Laudenbach Karen, Seese Bernd
Abteilung Pneumolgie, pneumologische Onkologie, Rehabilitation sowie Schlaf- und Beatmungsmedizin, Thoraxzentrum des Bezirks Unterfranken, Münnerstadt.
Dtsch Med Wochenschr. 2015 Feb;140(4):264-6. doi: 10.1055/s-0041-100353. Epub 2015 Feb 19.
For several months a 29 years old woman suffered from dry cough, dyspnea, and weakness. The clinical examination was without any abnormal findings.
Liver function tests and erythrocyte sedimentation rate were raised.
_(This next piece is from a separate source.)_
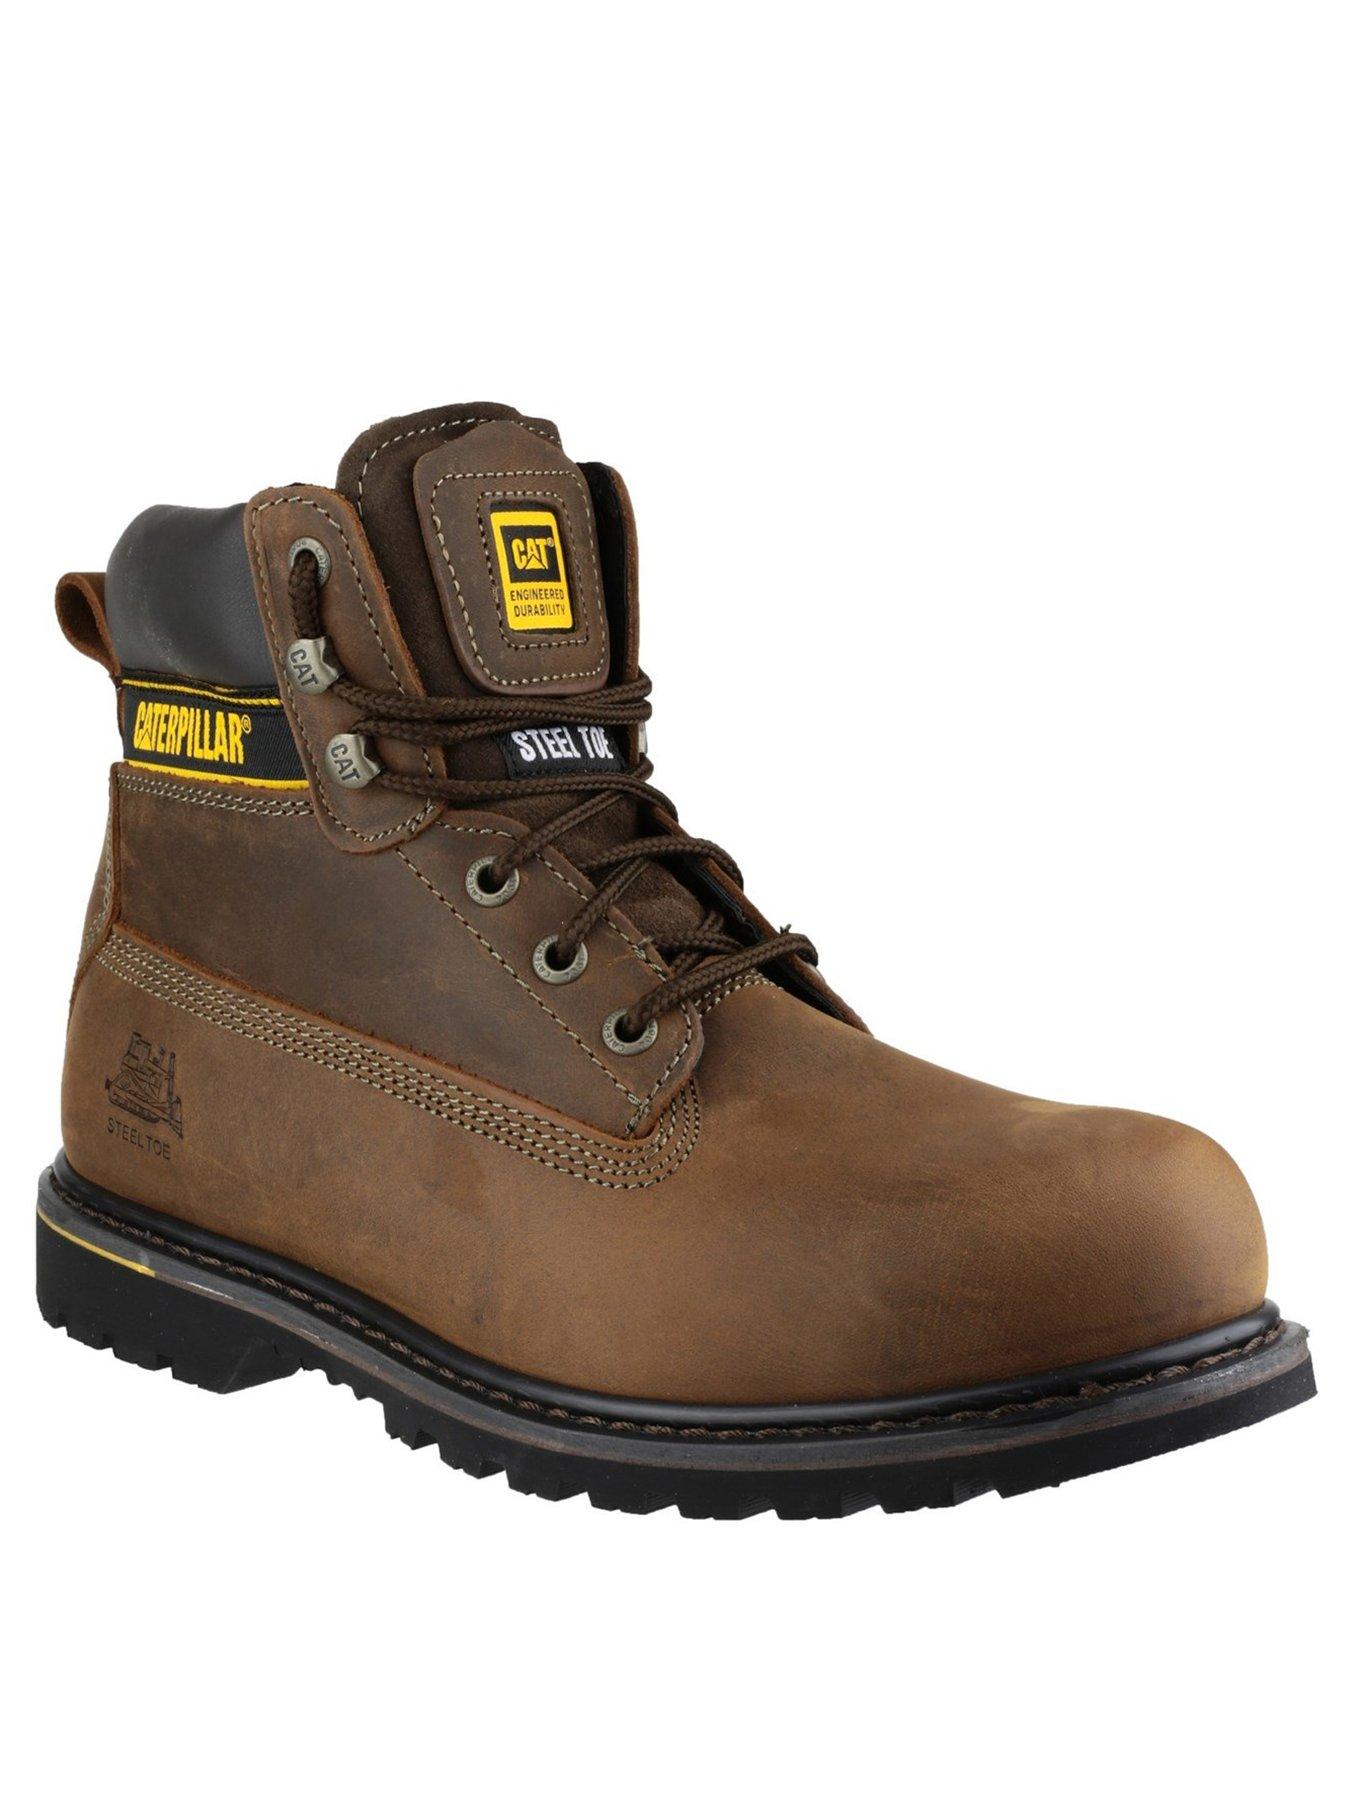  Holton Safety Boots - Brown

High resolution CT chest scan showed multiple patchy alveolar and interstitial infiltrates. Transbronchial and surgical lung biopsy confirmed a moderate alveolitis with granulomas.
primary biliary cirrhosis (pbc) complicated by lung disease could be diagnosed through increased titer of antimitochondrial antibodies and the laparoscopy.
Under treatment of pbc with either corticosteroids or Ursodeoxycholic acid, liver enzymes decreased and pulmonary symptoms disappeared.
To detect lung involvement in patients with pbc early, lung function tests and diffusion capacity should be monitored regularly. An otherwise unexpected rise in liver function tests, particularly in patients with underlying interstitial lung disease or sarcoid granulomatosis should promptly be investigated further.
一名29岁女性数月来一直干咳、呼吸困难且身体虚弱。临床检查未发现任何异常。
肝功能检查和红细胞沉降率升高。胸部高分辨率CT扫描显示多个斑片状肺泡和间质浸润。经支气管和手术肺活检证实为中度肺泡炎伴肉芽肿。
通过抗线粒体抗体滴度升高和腹腔镜检查可诊断为原发性胆汁性肝硬化(PBC)合并肺部疾病。
在使用皮质类固醇或熊去氧胆酸治疗PBC的过程中,肝酶下降,肺部症状消失。
为早期发现PBC患者的肺部受累情况,应定期监测肺功能检查和弥散能力。对于肝功能检查出现意外升高的情况,尤其是存在潜在间质性肺病或结节病肉芽肿的患者,应立即进一步检查。